Shorter breaks keep your average effort up. If your sets last 40–60 seconds and rests stay under 60–90 seconds, your session sits nearer the vigorous line.

Dialing food intake also shapes progress. Snacks and meals land better once you set your daily calorie needs, then match training days with the right fuel window.

How To Calculate Your Own Number

You can estimate calories for any body size using the MET formula. Start with body weight in kilograms, choose a MET that reflects your pace, then multiply by session minutes.

  1. Convert pounds to kilograms: kg = lb × 0.4536.
  2. Pick intensity:
    • General machine sets with full rests ≈ 3.5 MET.
    • Compound-style work or heavier sets ≈ 5.0 MET.
    • Vigorous pace, short rests, or supersets ≈ 6.0 MET.
  3. Use the equation:
    kcal/min = MET × 3.5 × body weight(kg) ÷ 200.
  4. Multiply by minutes you spend on sets and rests.

Pick a MET conservatively the first time. Track how the estimate lines up with your wearable or with steady weekly results, then adjust.

Sample Walkthrough

Say you weigh 150 lb (68 kg) and run 12 total minutes of sets and rests at a brisk pace. With 6.0 MET, you get:
kcal ≈ 6.0 × 3.5 × 68 ÷ 200 × 12 ≈ 86 kcal.

Moderate Vs Vigorous Leg-Press Sessions

What “Moderate” Feels Like

Breathing goes up but speech stays easy between sets. Rests last 90–120 seconds. You keep form crisp through all sets with a steady cadence.

What “Vigorous” Feels Like

Talking drops to short phrases. Rests sit near 45–75 seconds. Load is challenging for 8–12 reps, or you pair moves back-to-back.

That description mirrors how the CDC defines moderate and vigorous effort using MET bands, which aligns with resistance entries in the Compendium.

Realistic Session Totals

Most lifters don’t grind on one machine for half an hour straight. You warm up, work a few hard sets, then move on. Here’s what time blocks look like for a 180-lb lifter using the same formula.

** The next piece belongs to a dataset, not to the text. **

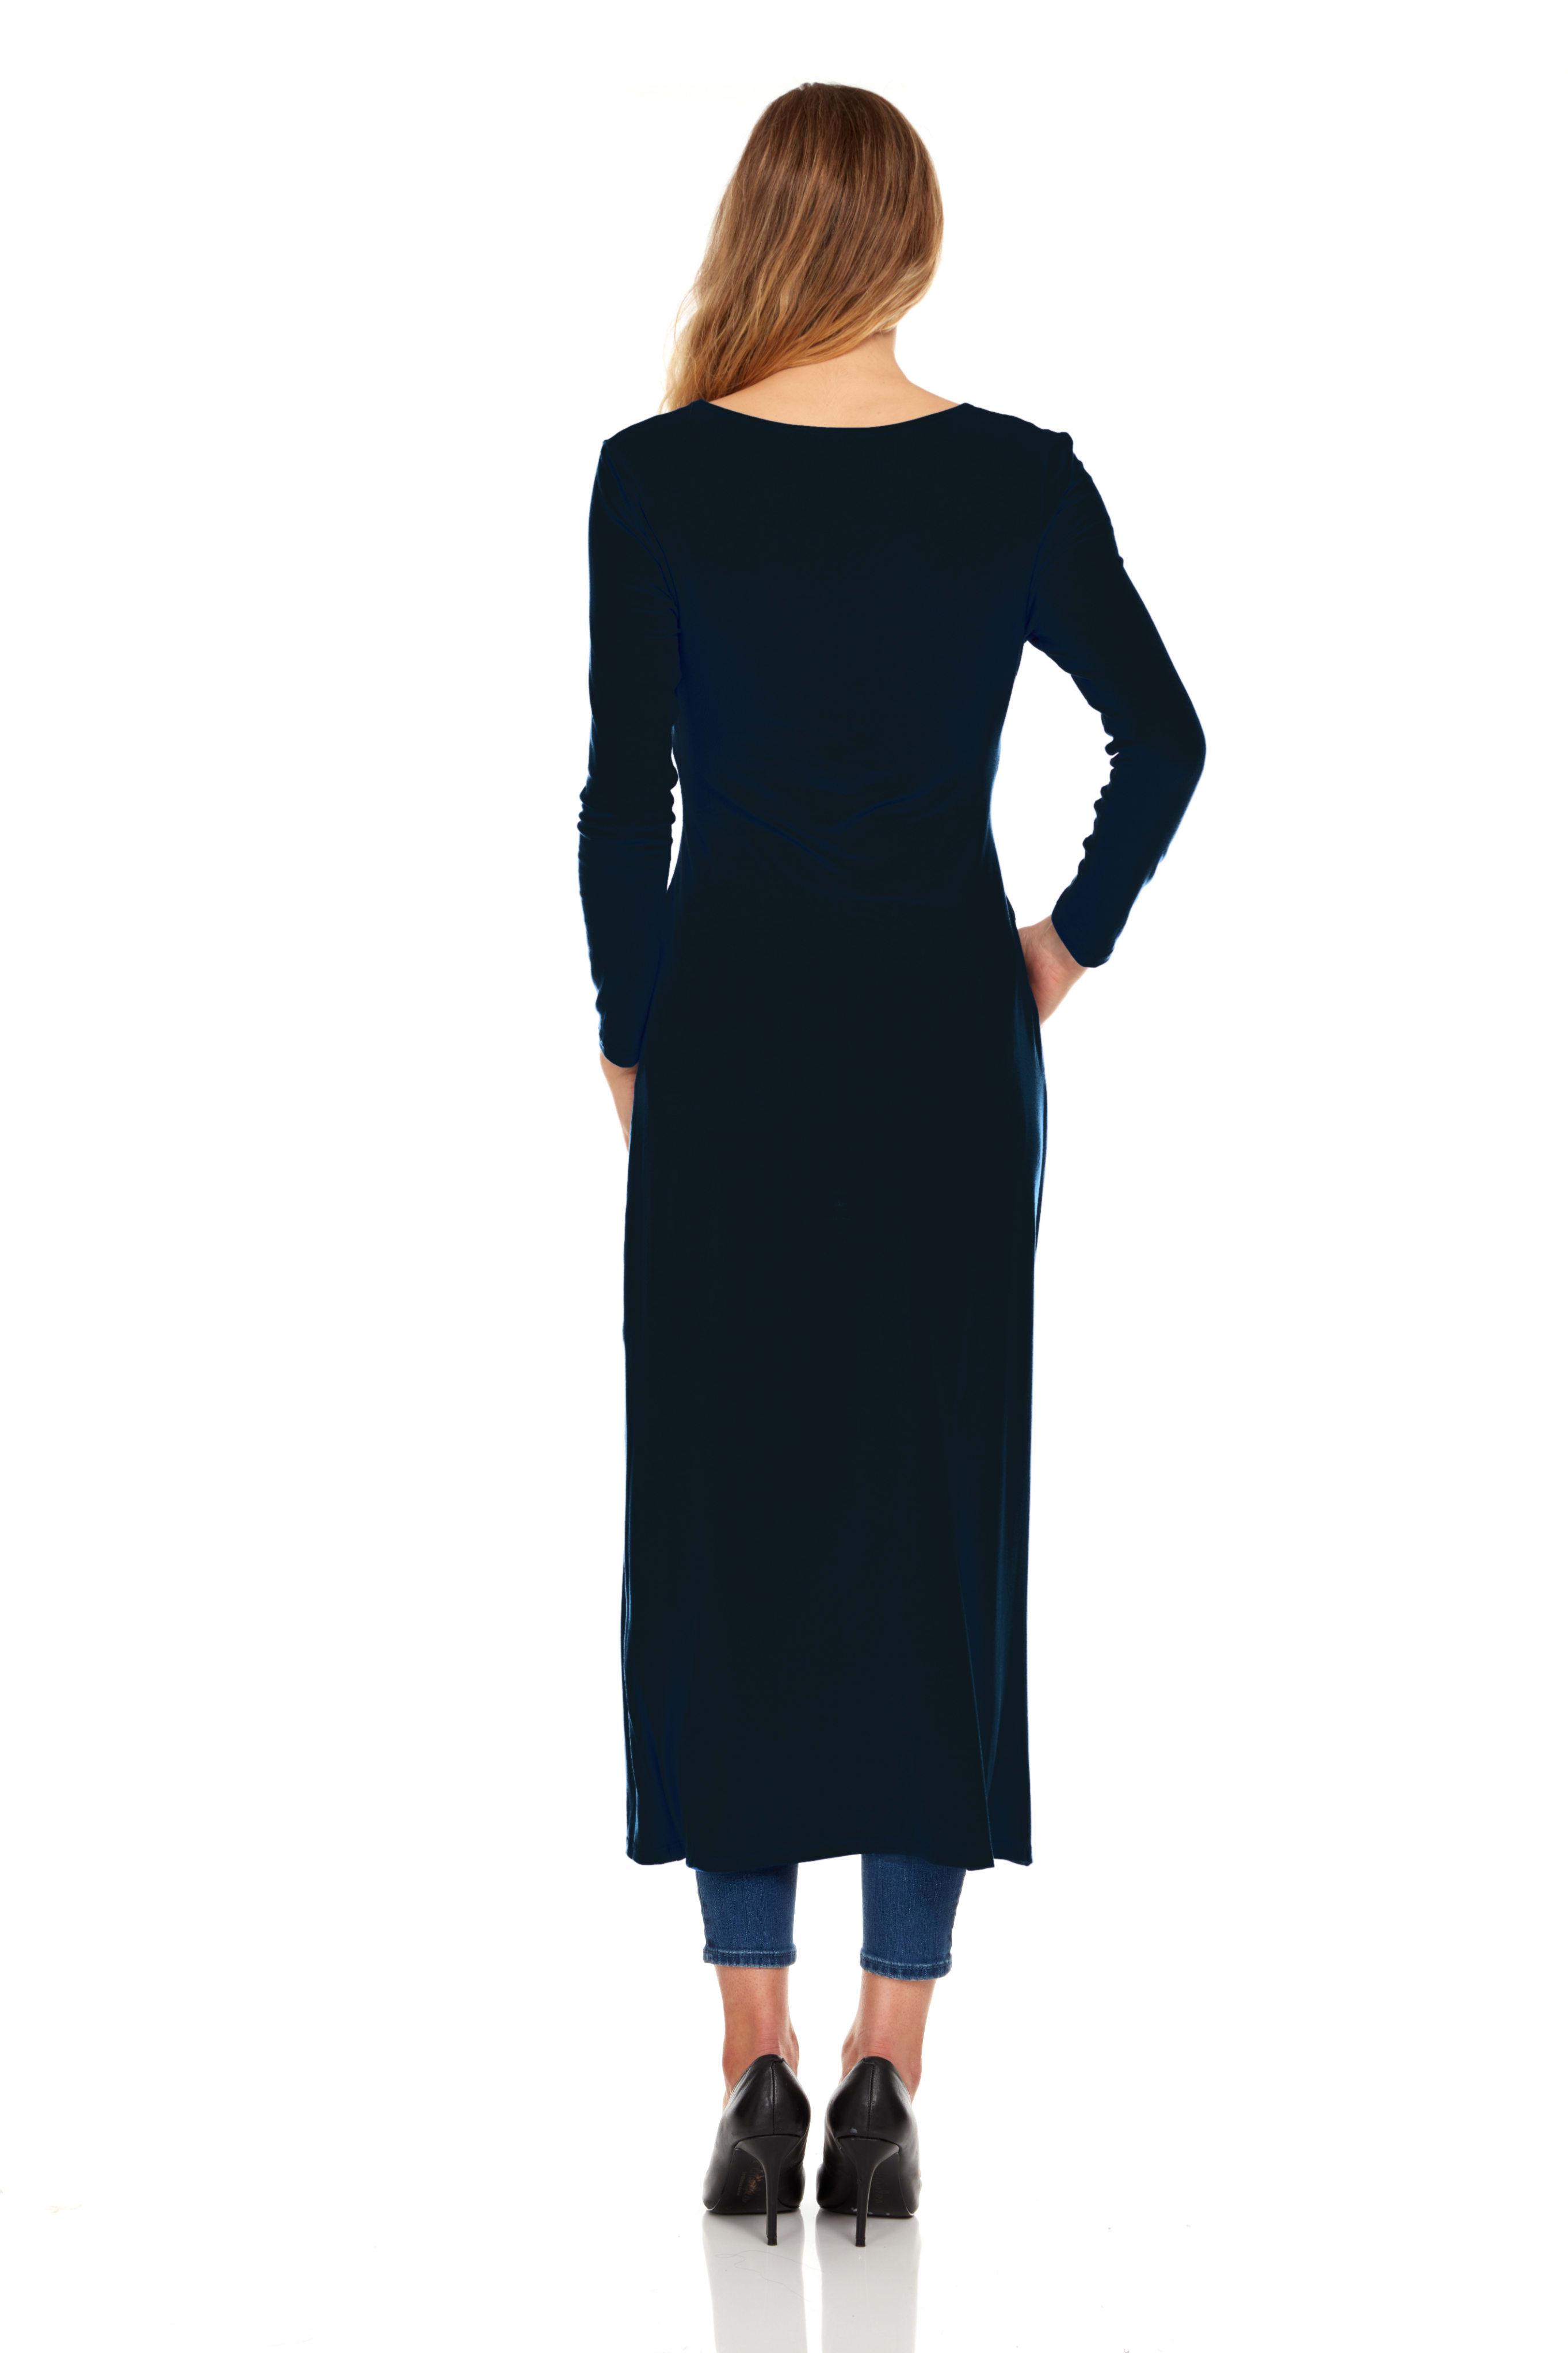 Front Slit Long Sleeve Shirt with Pockets - Black - Back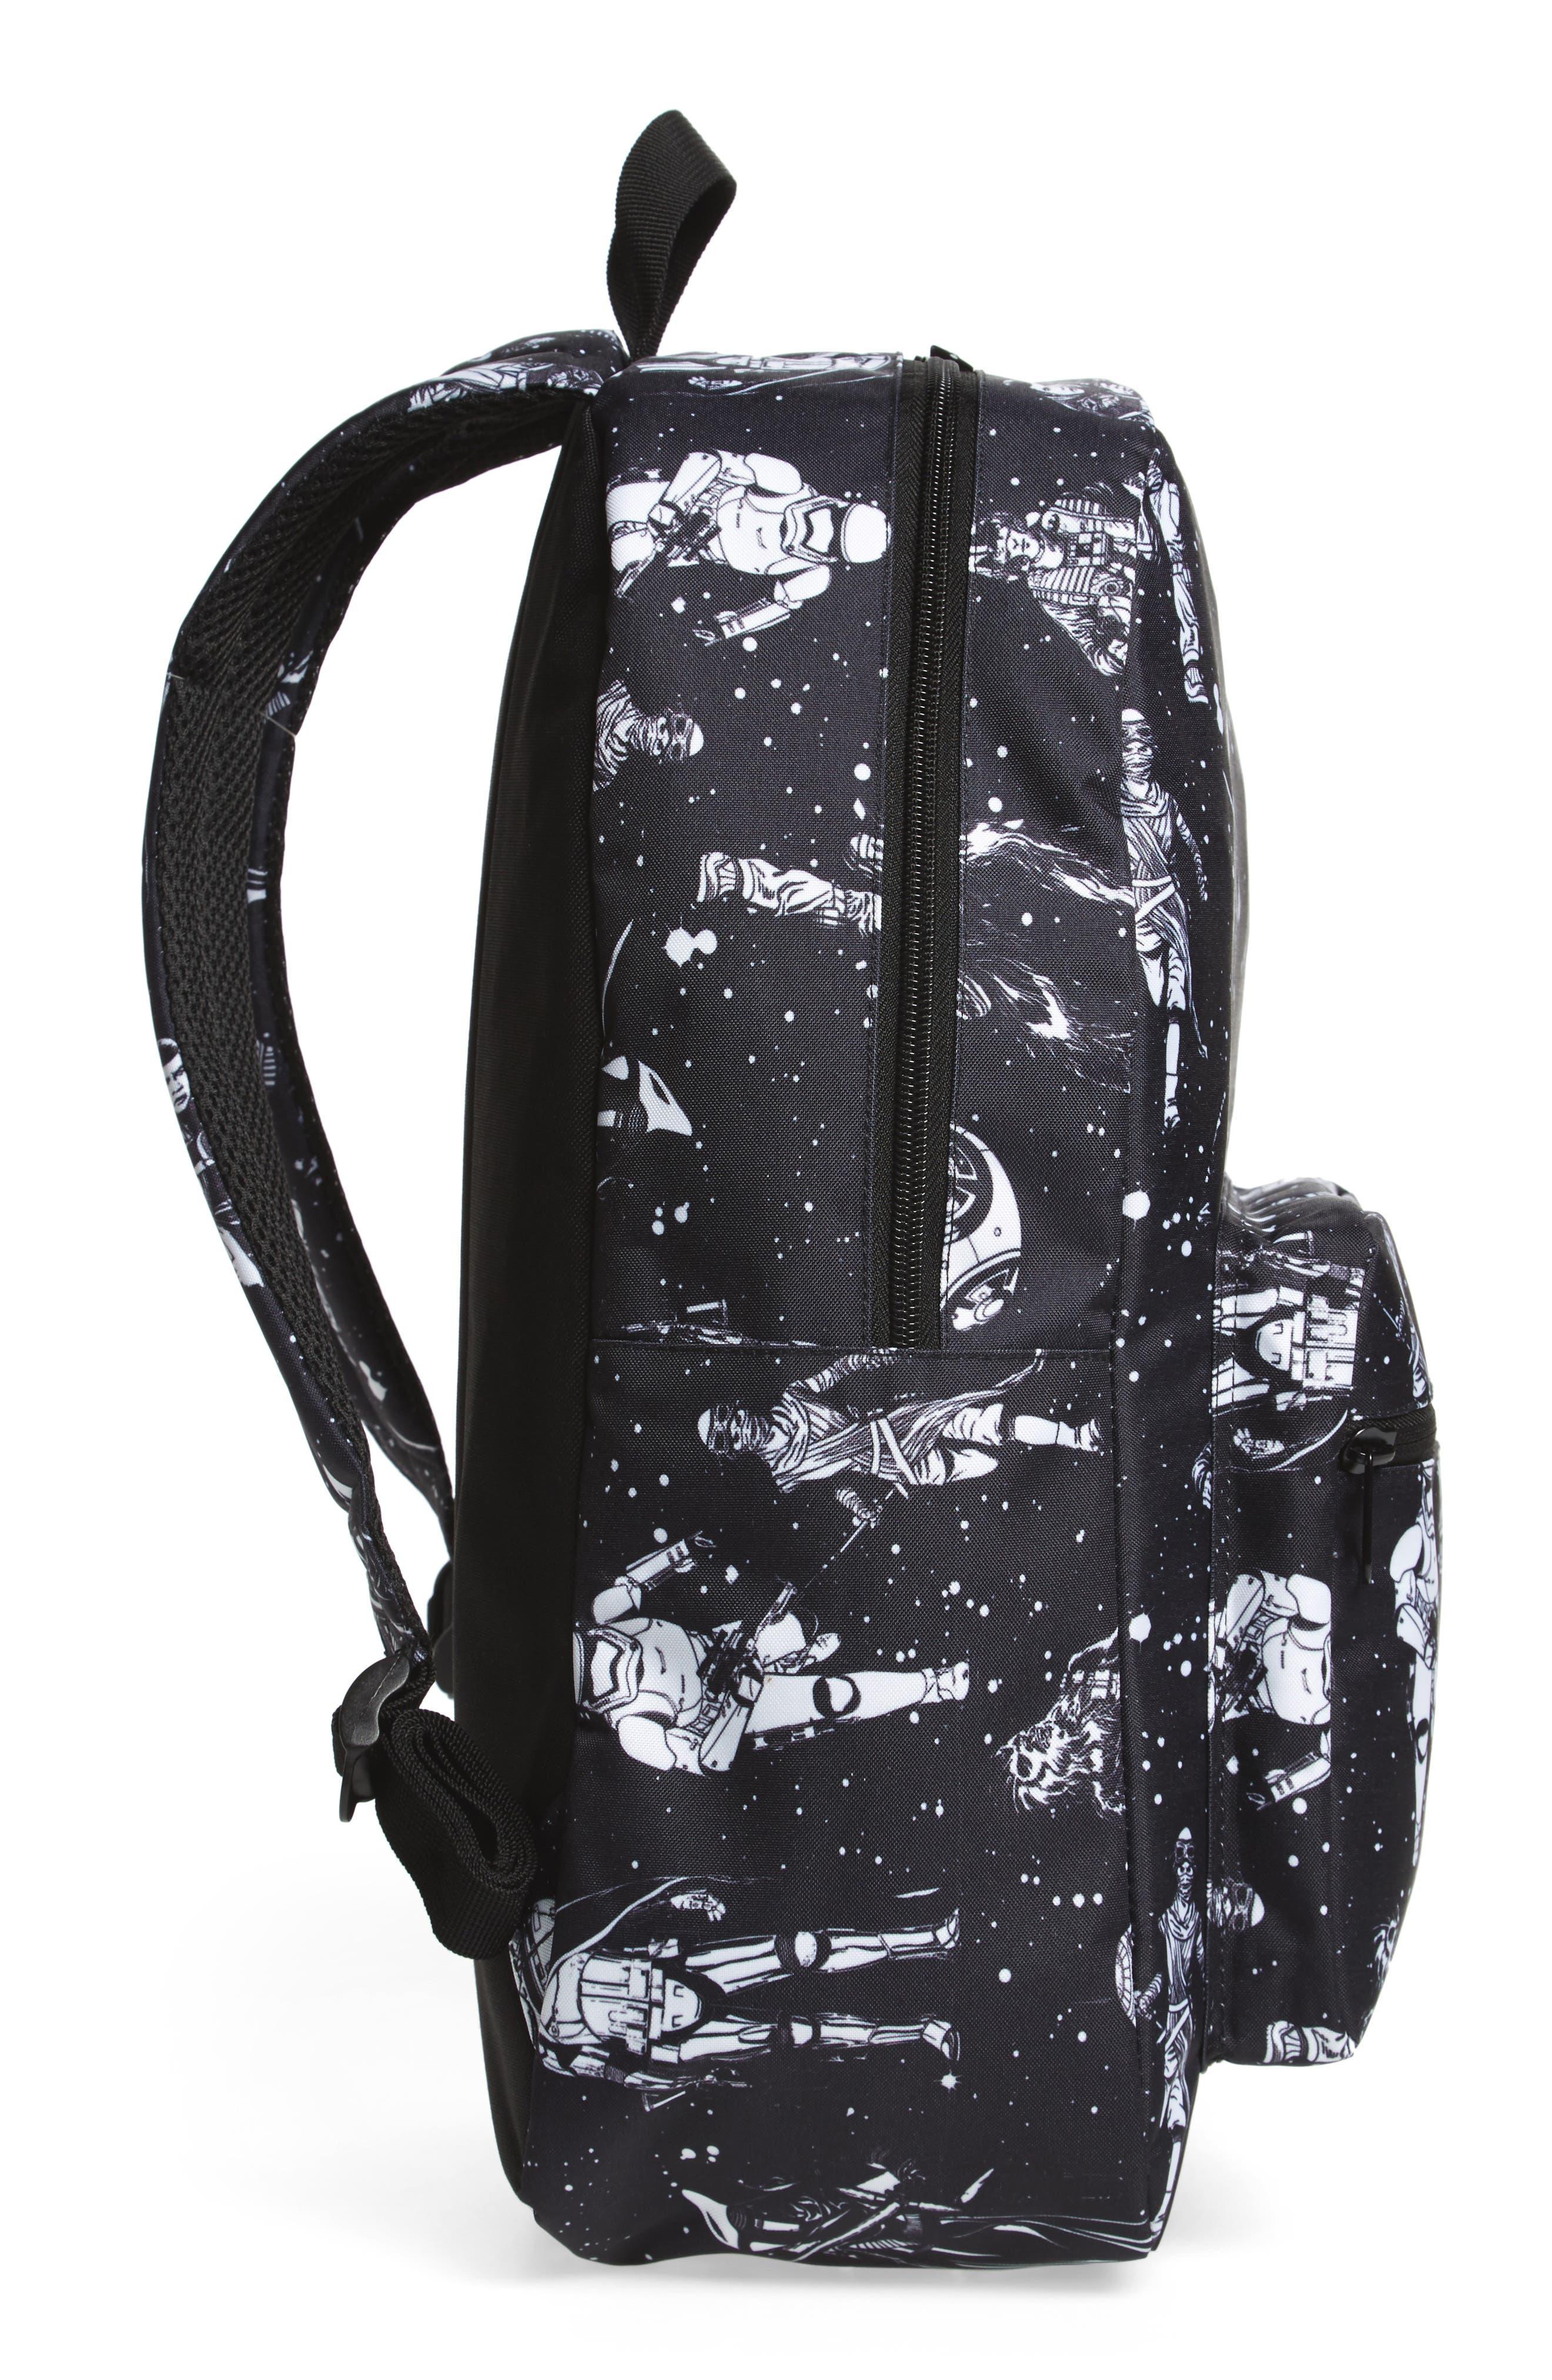 The Force Awakens Black & White Space Backpack,                             Alternate thumbnail 4, color,                             001

Time On Leg Press Moderate (~3.5 MET) Vigorous (~6.0 MET)
5 min 25 kcal 43 kcal
10 min 50 kcal 86 kcal
20 min 100 kcal 171 kcal
30 min 150 kcal 257 kcal

Where The Time Goes

Warm-ups matter. Plan two or three lighter sets to groove depth and foot placement. Then run three to five work sets with a repeatable tempo. If leg press is part of a full lower-body day, your total gym-session burn will be the sum of every block—not just this machine.

Ways To Nudge The Number Up Or Down

Simple Levers

  • Shorten rests: trim 15–30 seconds while keeping form.
  • Extend the set: add a 2–3 second lowering phase.
  • Use supersets: pair with a light calf raise or hamstring curl.
  • Mind the total: an extra work set adds up faster than jumping to a brutal load.

Safety First

Keep hips down in the seat, ribs stacked, and knees tracking over mid-foot. Depth is great when your pelvis stays stable; chasing numbers with sloppy form isn’t worth it.

Why MET Estimates Still Help

They’re simple, repeatable, and grounded in large reference tables. The Compendium entries for resistance training—3.5, 5.0, and 6.0 MET—give sensible brackets for machine days. Wearables can drift during strength work, so a clear method gives you a steady baseline to compare week to week.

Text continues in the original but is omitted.